▶ Given material:
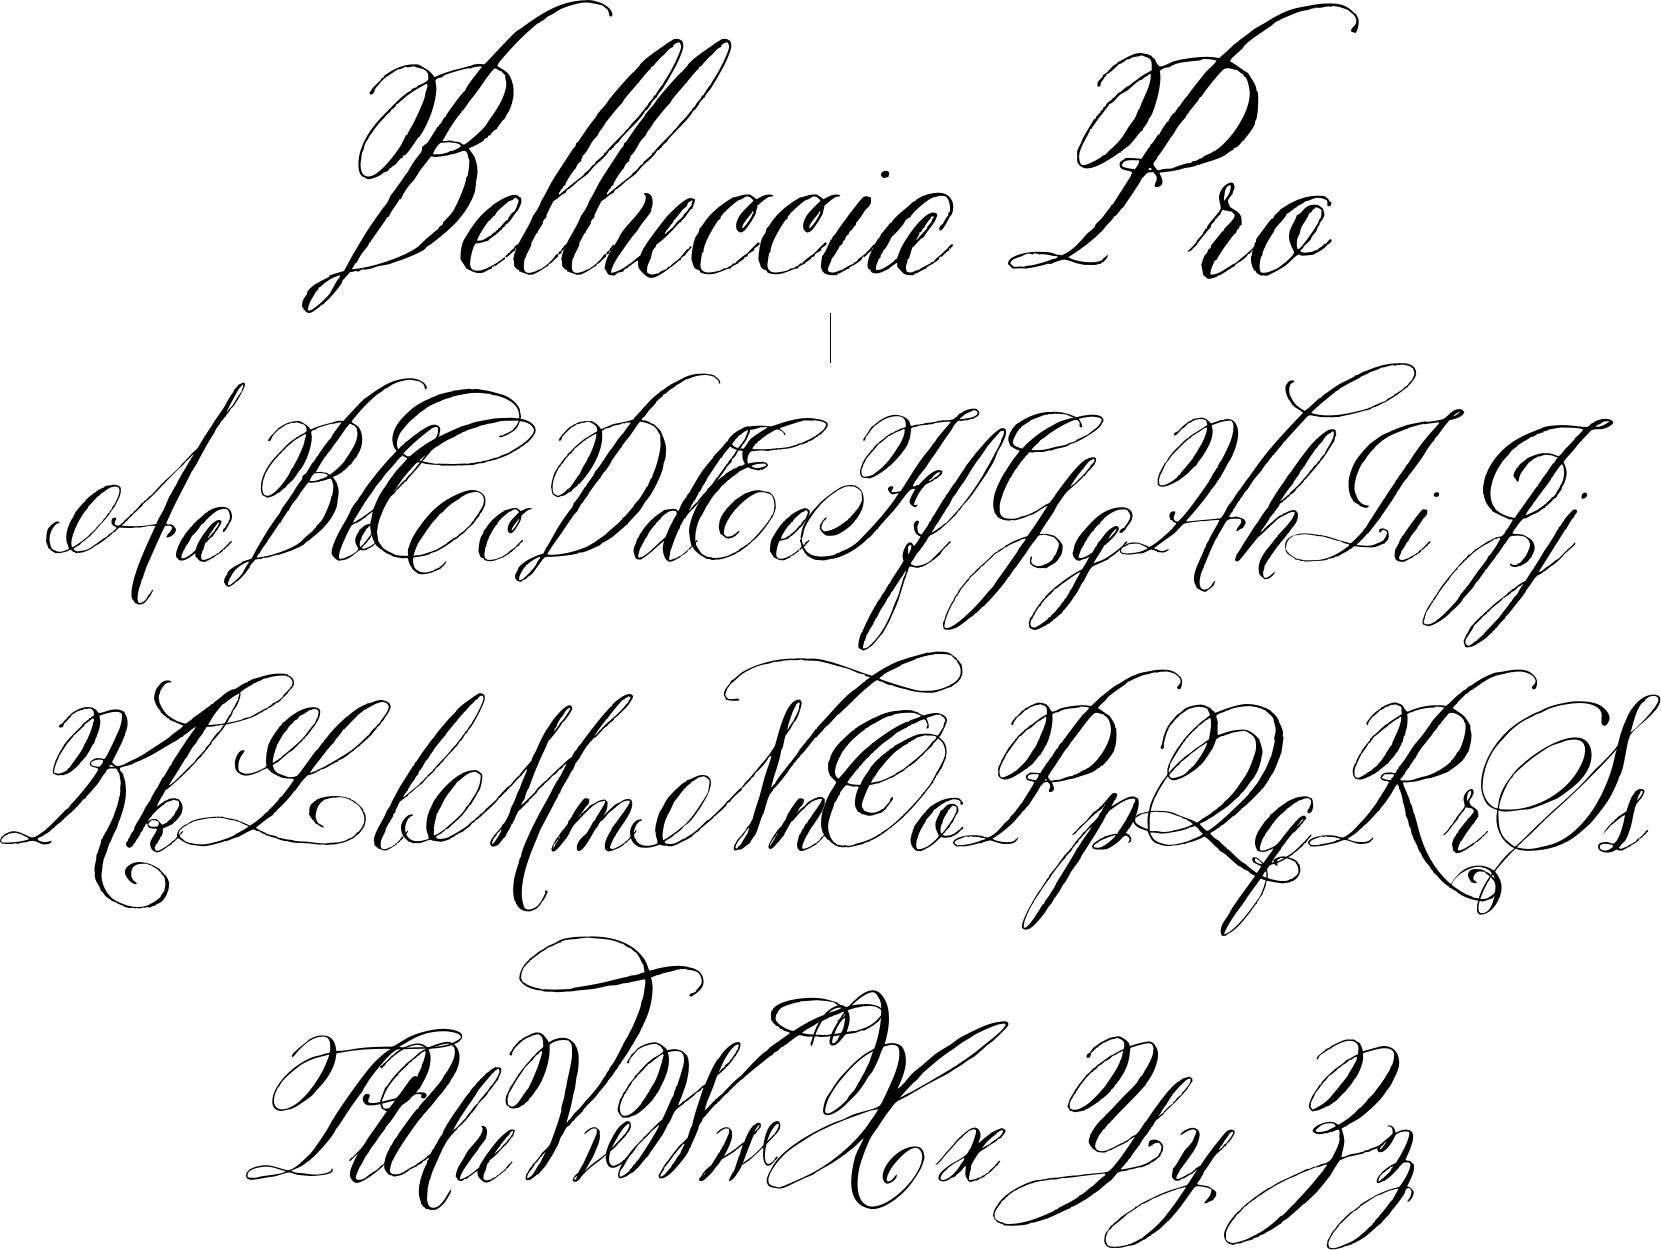 Belluccia pro font created with brides and invitation
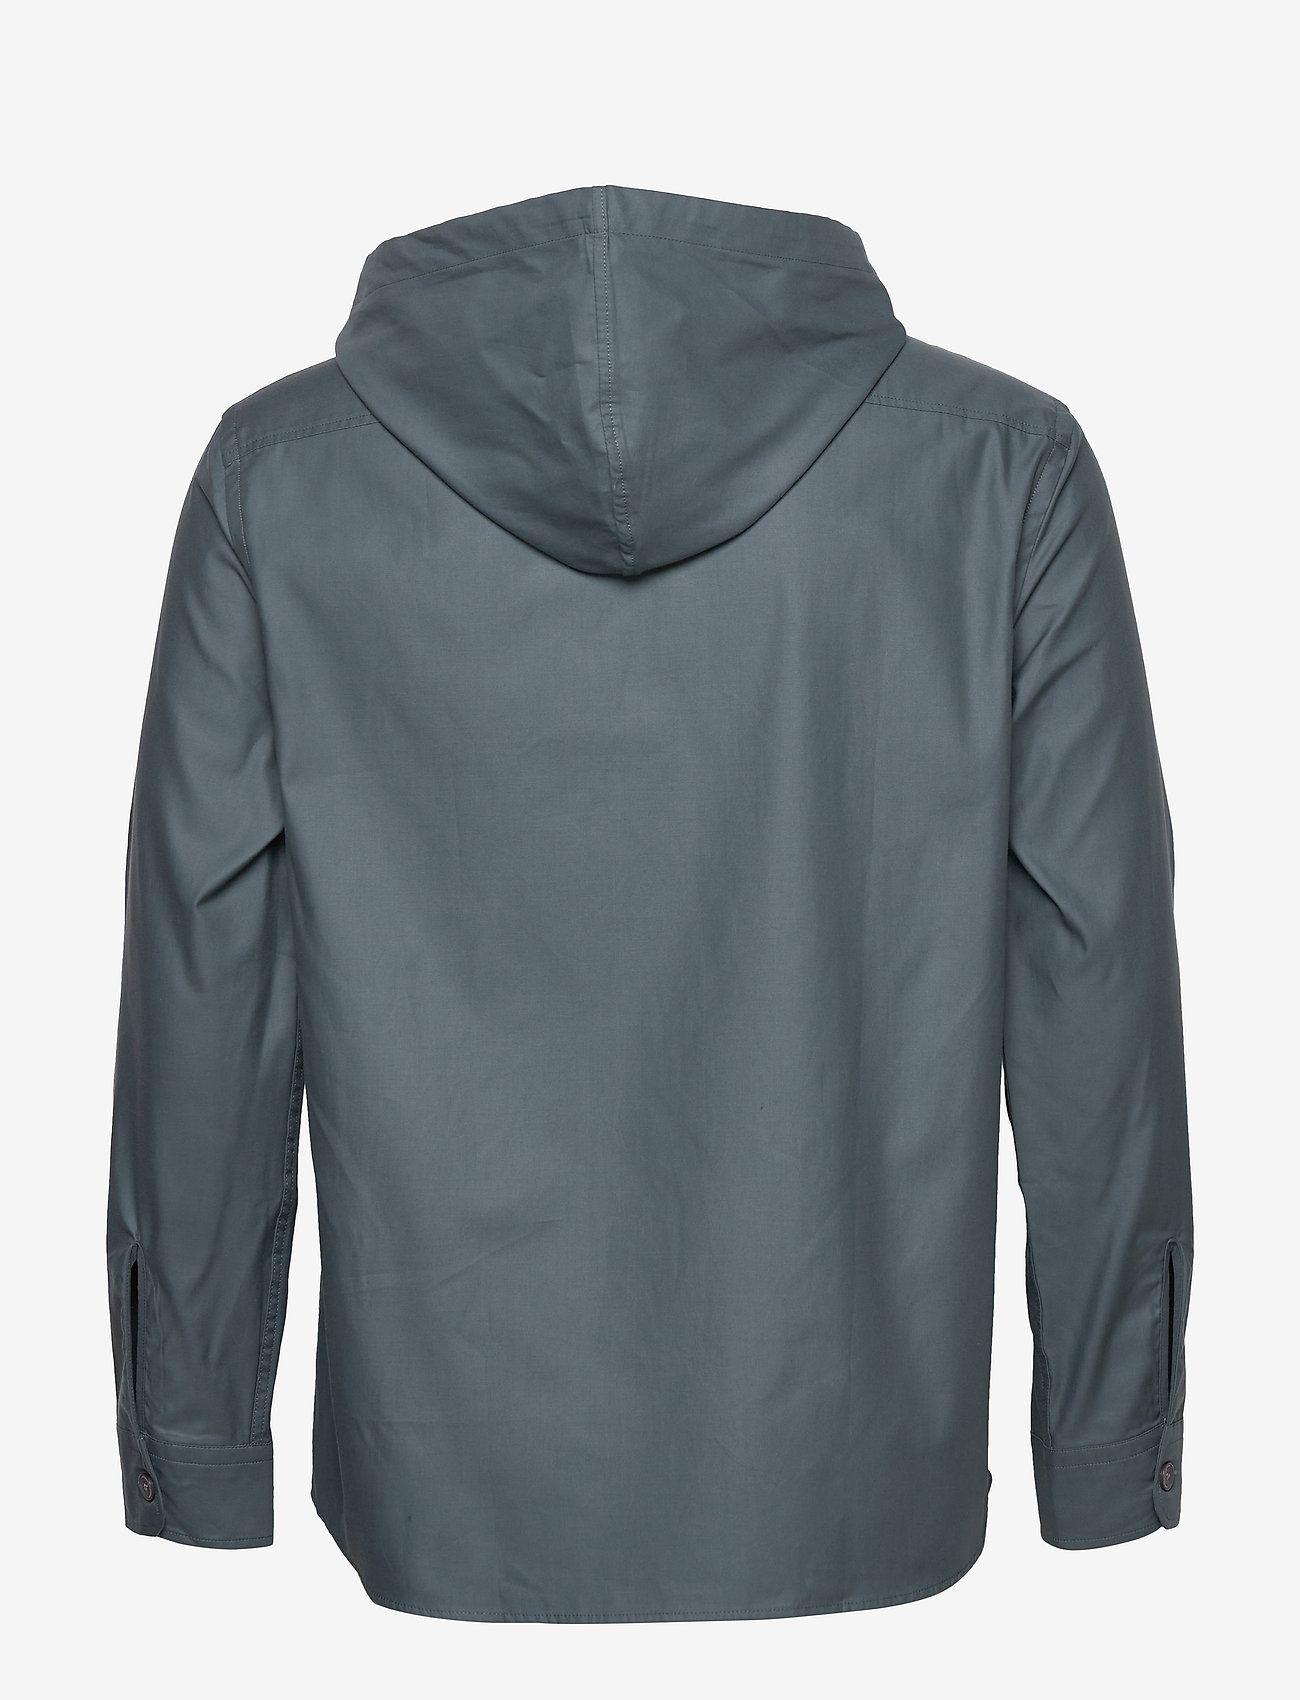 M. Kit Hooded Jacket (Charcoal B) (120 €) - Filippa K LCJo5
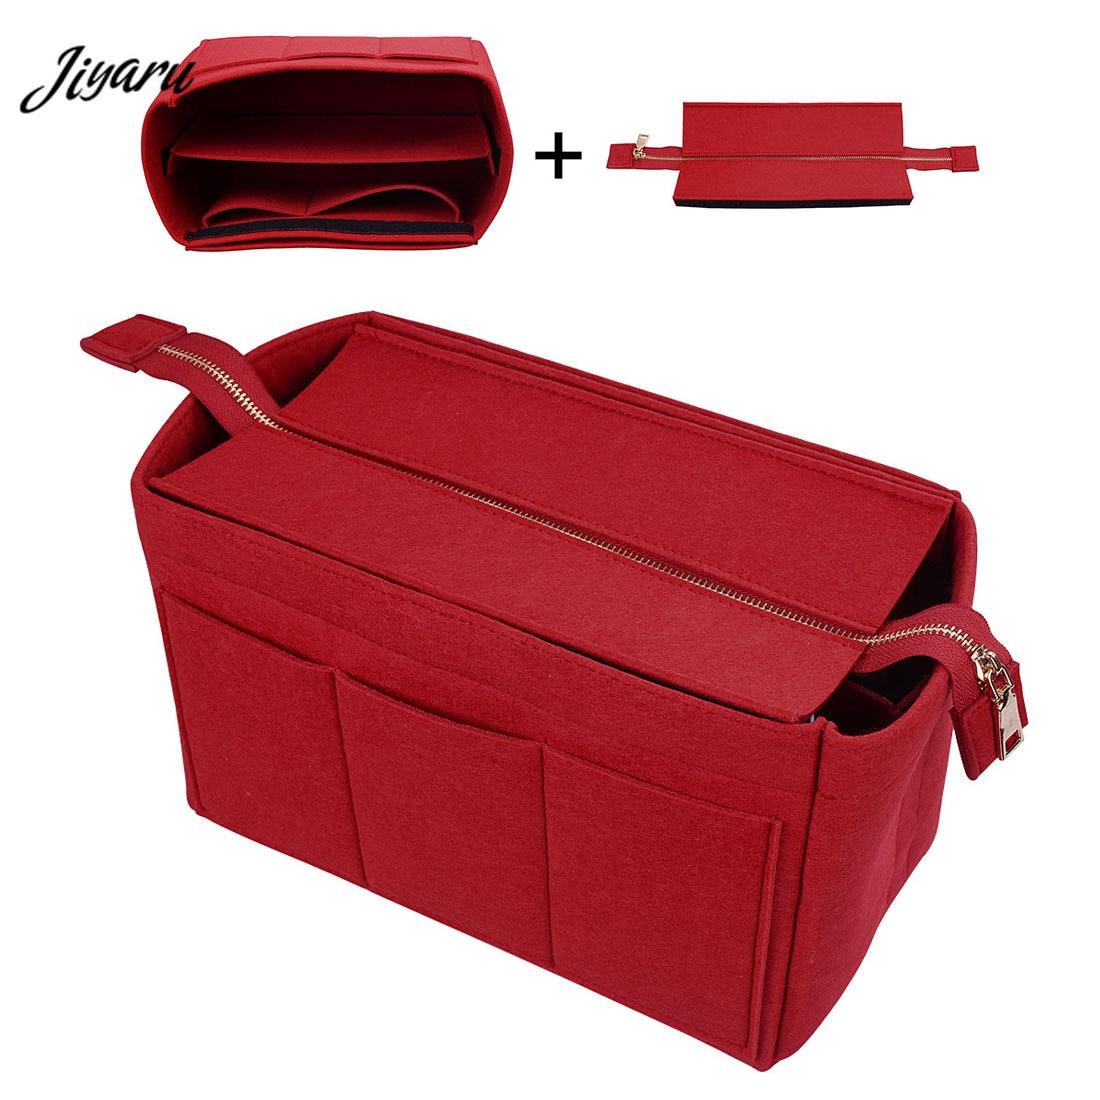 Hot Felt Makeup Bag Travel Cosmetic Handbags Organizer Insert Ladies Luggage

▶ About this exercise: Restate the whole listing exactly as written, minus the pictures.

▶ Final answer:
 Belluccia pro font created with brides and invitation
 M. Kit Hooded Jacket (Charcoal B) (120 €) - Filippa K LCJo5
 Hot Felt Makeup Bag Travel Cosmetic Handbags Organizer Insert Ladies Luggage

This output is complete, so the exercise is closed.